Now, if you think that in the UK, Israel, the US or Australia you have your share of annoying television cooks or experts you really are missing out if you don’t get the Asian Food Channel. Now this is really entertainment! Talk about scraping the bottom of the barrel or plate as it were. On this channel they seem to excel in featuring every idiot that has ever raised a fork (or chop stick) to their mouth and professes to be some kind of culinary wizard. If you have never seen the Asian “Iron Chef” dubbed from Japanese into English then you have not lived…I mean this is beyond corny it is so bad it is almost perfect! Being in Asia one is surrounded by a vast array of amazing and exotic culinary delights and a vast array of very annoying “whiz kids” to go along with it. Priceless!
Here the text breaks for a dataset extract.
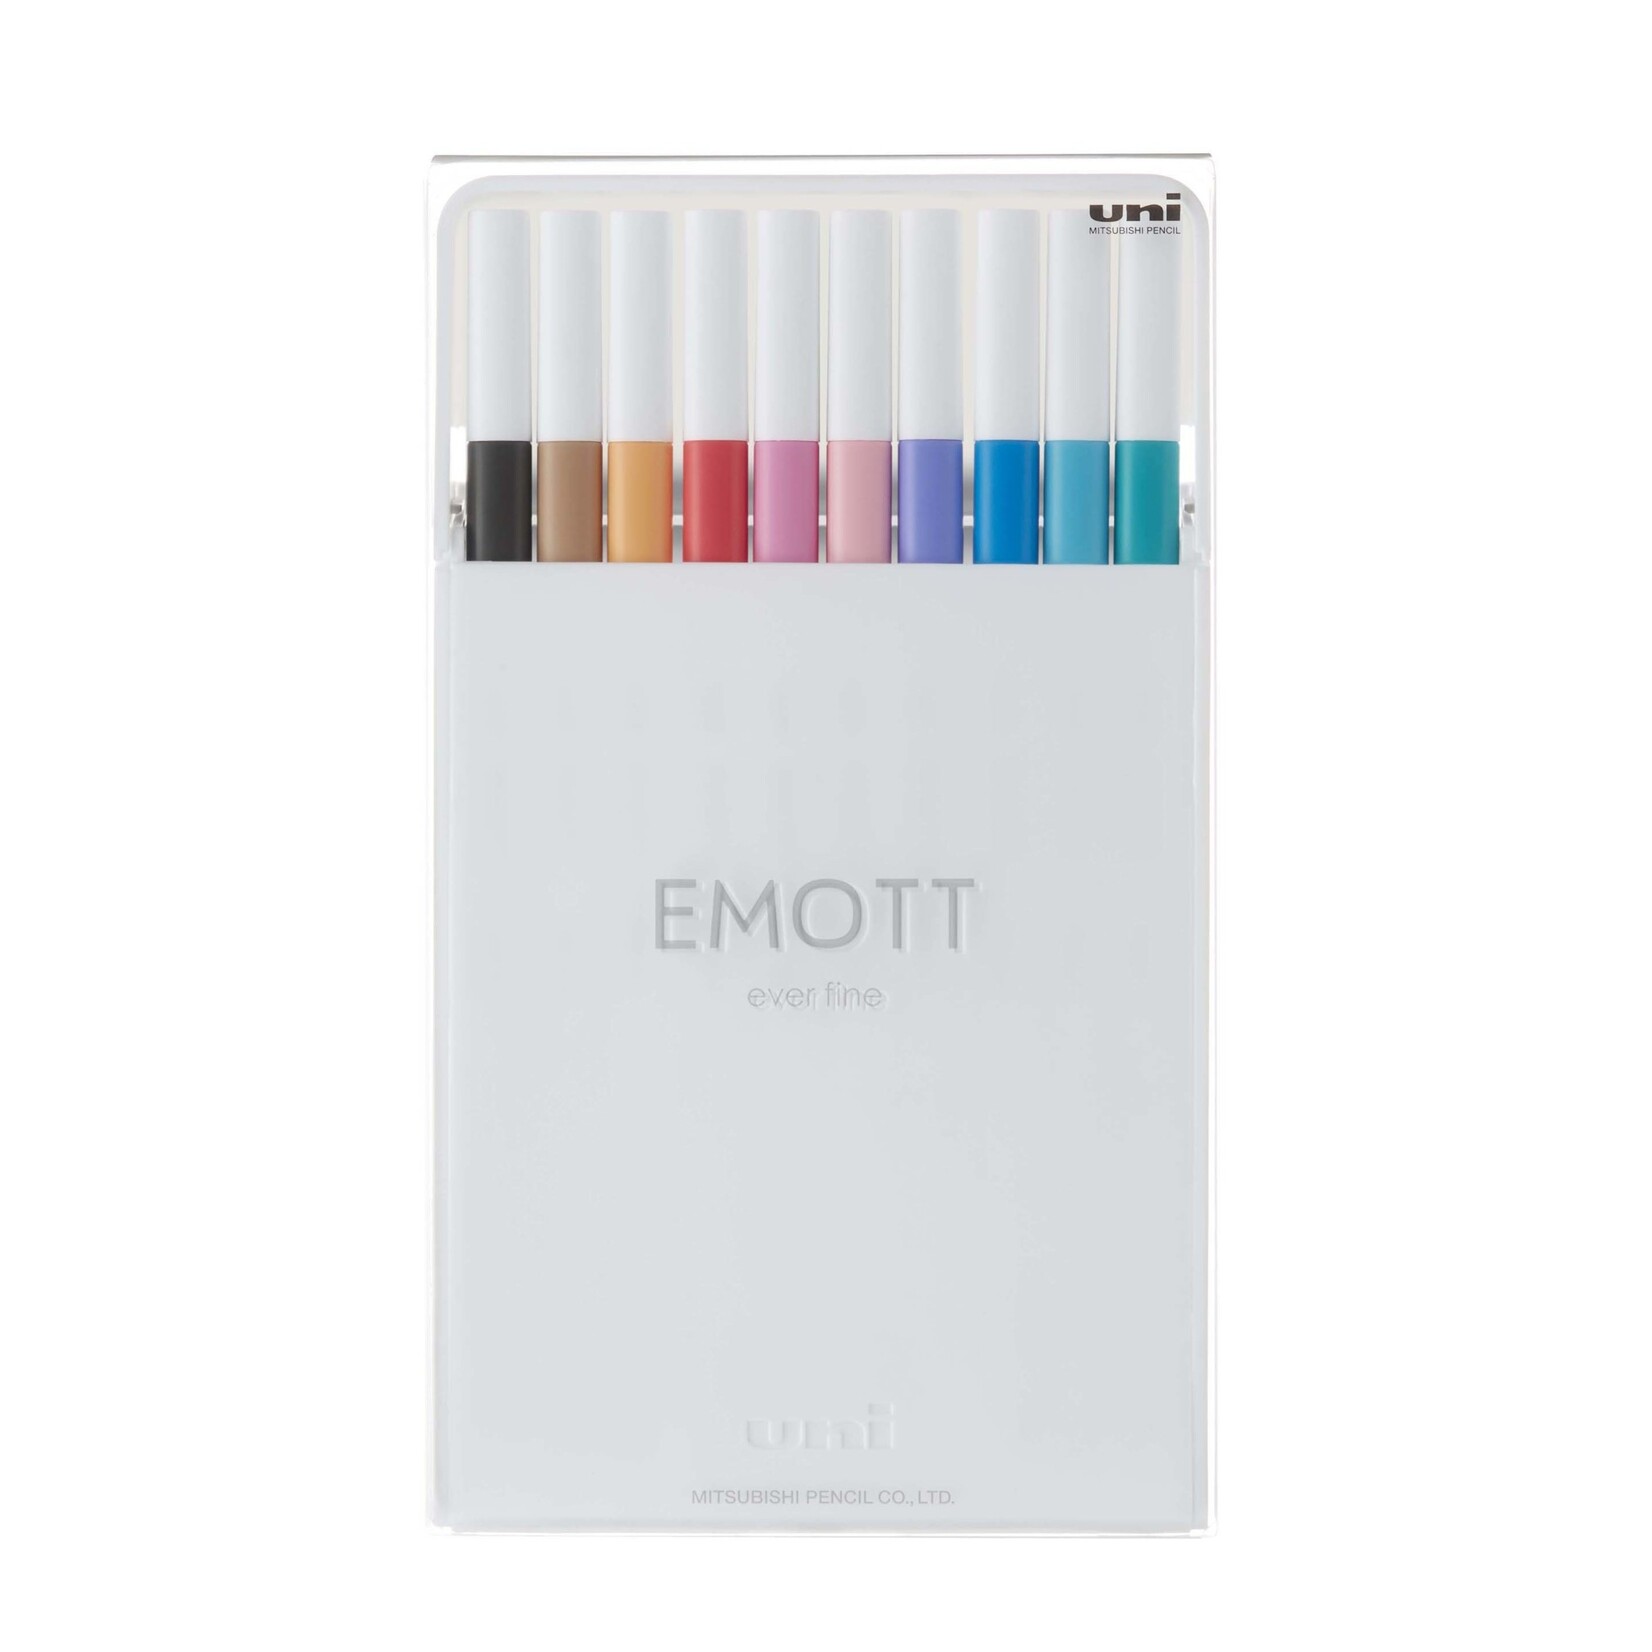 UX Uni Emott Fineliners EMOTT Fineliner Pen Sets, 10-Pen Set #2

Is it really real cooking or is it just entertainment? Watching most of these “culinary whizz kids” at work is sometimes a bit of a bluff and not as simple as it seems to be…why? because it is TV after all and as such it is perfectly choreographed, items prepared in advance, selected so that the “chef” can show off his/her knife skills chopping an onion without miraculously ever shedding a tear or make food glisten and glow with fantastic camera work and subtle sound effects which has absolutely nothing to do with taste.
A make-believe scenario because it not only doesn’t take place in real time it is magically condensed into the allotted time slot and in between commercials. And when a show is pre-taped, all sorts of frightful blunders can be intriguingly made to vanish. Let’s be honest in the real world dishes burn sometimes, or get overcooked, or look like something closer to “road kill. Mistakes happen even in the best of restaurant kitchens and the chefs just do these over. On TV, chefs rarely give you a sense of what really goes on.
Gone are the days of those real life food heroes. Julia Child probable started it all off and she famously was quoted as saying “The grand thing about cooking is you can eat your mistakes”
Who can remember Graham Kerr the “Galloping Gourmet” and the wonderfully flamboyant Keith Floyd? Both real foodies after my own heart…pissed drunken most of the time. This was real live TV so I guess you needed a few drinks to keep your hand steady
Apart from being popularistic though, what do these shows they tell us about social trends?
A few facts:
A large percentage of adults enjoy social cooking at home and do it frequently. Eight out of 10 of these adults watch cooking shows regularly, according to a recent poll.
Specific sectors of the population are more likely to watch cooking shows. More than half of the Baby Boomers ( aged 46-64) surveyed watch cooking shows very often, compared to more than half of Echo Boomers (aged 18-33) who say they seldom watch these shows.
Even though a great many of the TV chefs are men, as are many of the world’s great chefs and statistically as home cooks men love to cook more than women it surprising to note that according to the same poll women are more likely to watch cooking shows then men.
At the present time there are more or less 7000 cooking shows on television around the world. In other words you are more apt to see a cooking show of some sort whenever you turn on the television than you will see a sports or news show. Somebody will be farting around and self-importantly setting some type of food onto a plate and declaring themselves to be oh so high and mighty. I have pondered on this anomaly about TV cooking shows during the commercials and yes I suppose they do make people more aware that different, often better types of food exist. In any case I enjoy them, even the most annoying of them but I must admit that they are beginning to all get a little the same. I might make a move to the E Channel next!